Es un momento en el que todos se vuelven amables y van silbando el himno por la calle, generando una sensación espeluznante porque de golpe esta todo lookeado en celeste y blanco, desde los cartelitos de precios hasta los carros de basura, todos los ritmos son canciones de cancha, todo es argentino, espesamente argentino.
"Tengo las de la Fiera Rodríguez , esa no las tiene nadie.mirá que lindas que están"
Y la ciudad huele diferente, hay olor a asado, a bar repleto de gente, a humedad, a sudor y telas nuevas, a cigarrillo, por un rato cesa el olor a smog ya que nadie maneja y empiezan a surgir dejos de oxido, asfalto, caca de perro y todas esas cosas mínimas que están ahí todos los días pero que se nos pasan por alto.
"Nooo, yo no lo veo, lo escucho por radio sabés?

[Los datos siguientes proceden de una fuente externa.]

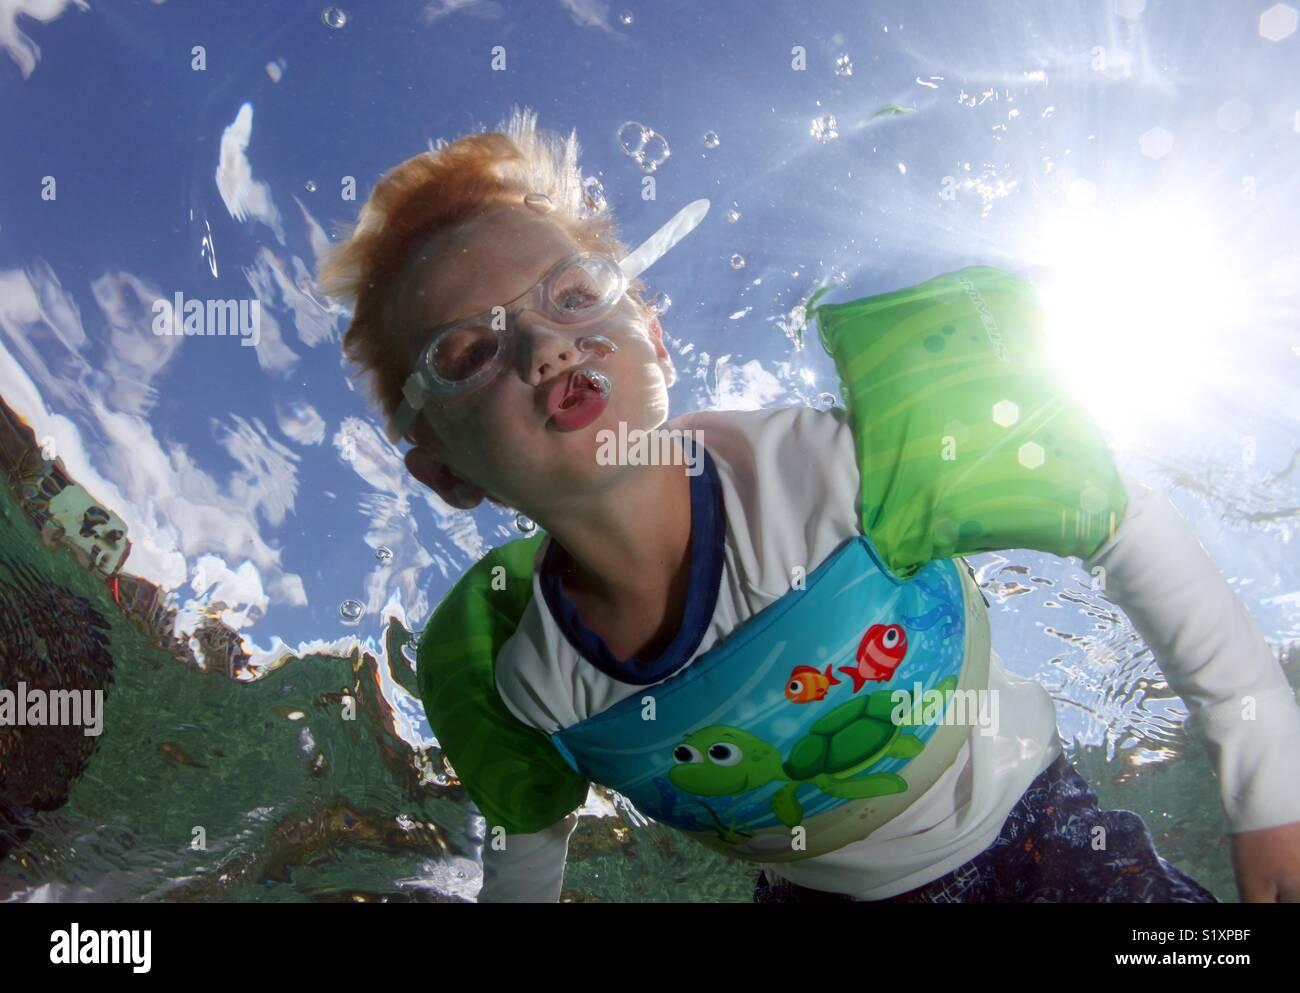 Un joven sopla burbujas de aire bajo el agua mientras el snorkeling en las Islas Vírgenes de EE.UU. Imagen De Stock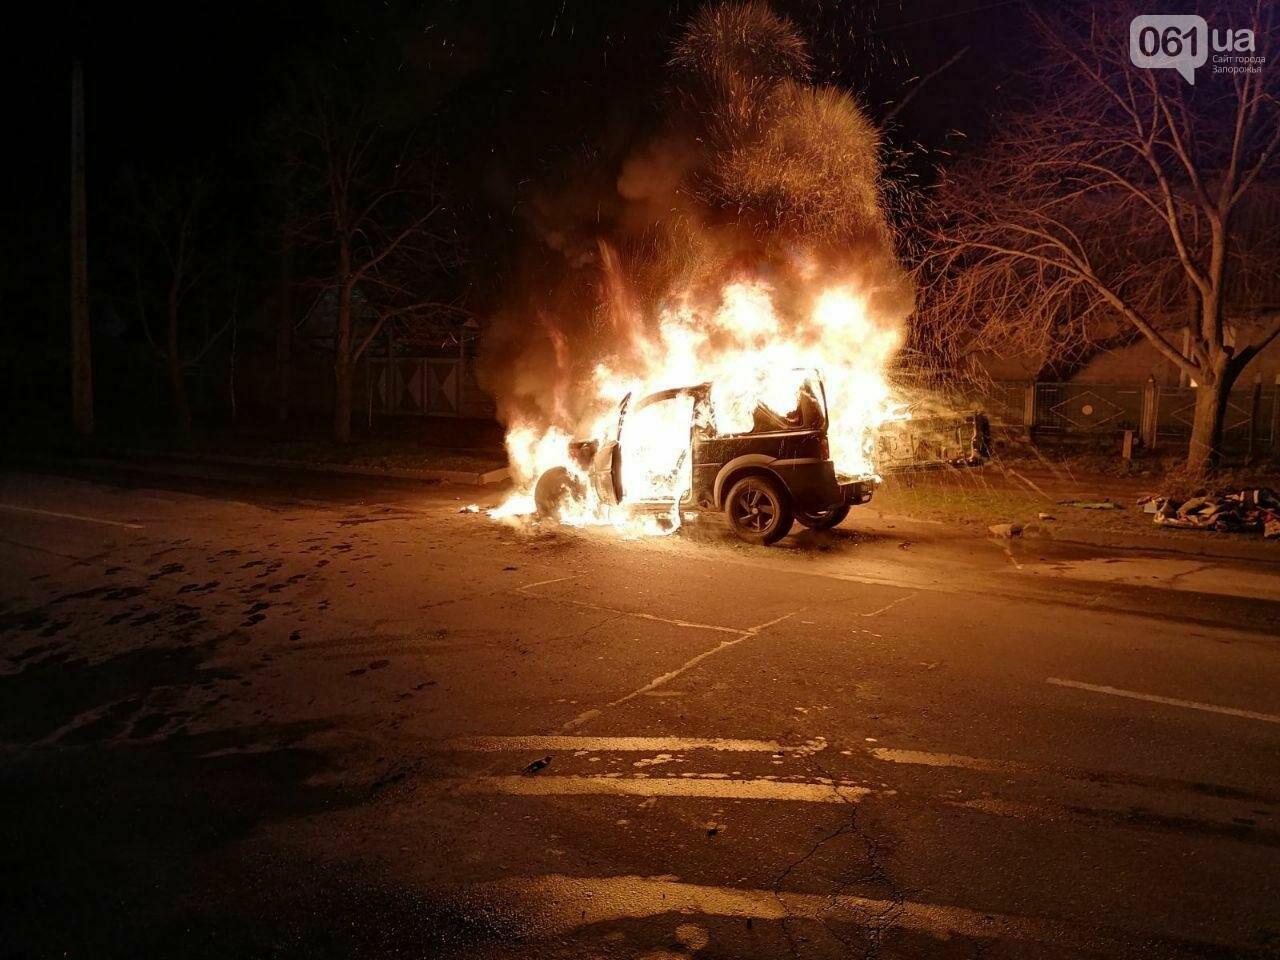 """В Мелитополе на ходу загорелся """"Land Rover"""", - ФОТО, фото-1"""

Me saco la radio acá afuera y le doy al volumen.sabés la cantidad de clientes mujeres que tengo mientras se juega".
Y ese estado de animo se empieza a impregnar en el pelo, en la ropa, comienza a llenarte la panza y empezás a saludar a los tipos que estás para dos firmes en sus puestos precarios, orgullosos de vender remeras truchas de Argentina y cornetas q no suenan.
"No me saqués de frente que me comprometés, mejor sacame de espalda, así, con la banderita colgada".
Te solidarizás con los locales que cierran mientras dura el partido, no importa la malaria, son 90 minutos en los que nada es más importante q esa sensación de tener puesta la camiseta.
"Ojo, sacále a esta camiseta pero que no se vea la marca, esperá que te la doblo".
Y el teléfono que no suena salvo en los entretiempos, mientras la calle queda vacía.
Y perdés por penales, y el cadete de la agencia tiene los ojos rojos a reventar, y tu jefe dejó de ser tu jefe.
"Dale che, dejen de joder con las fotos que empieza el partido"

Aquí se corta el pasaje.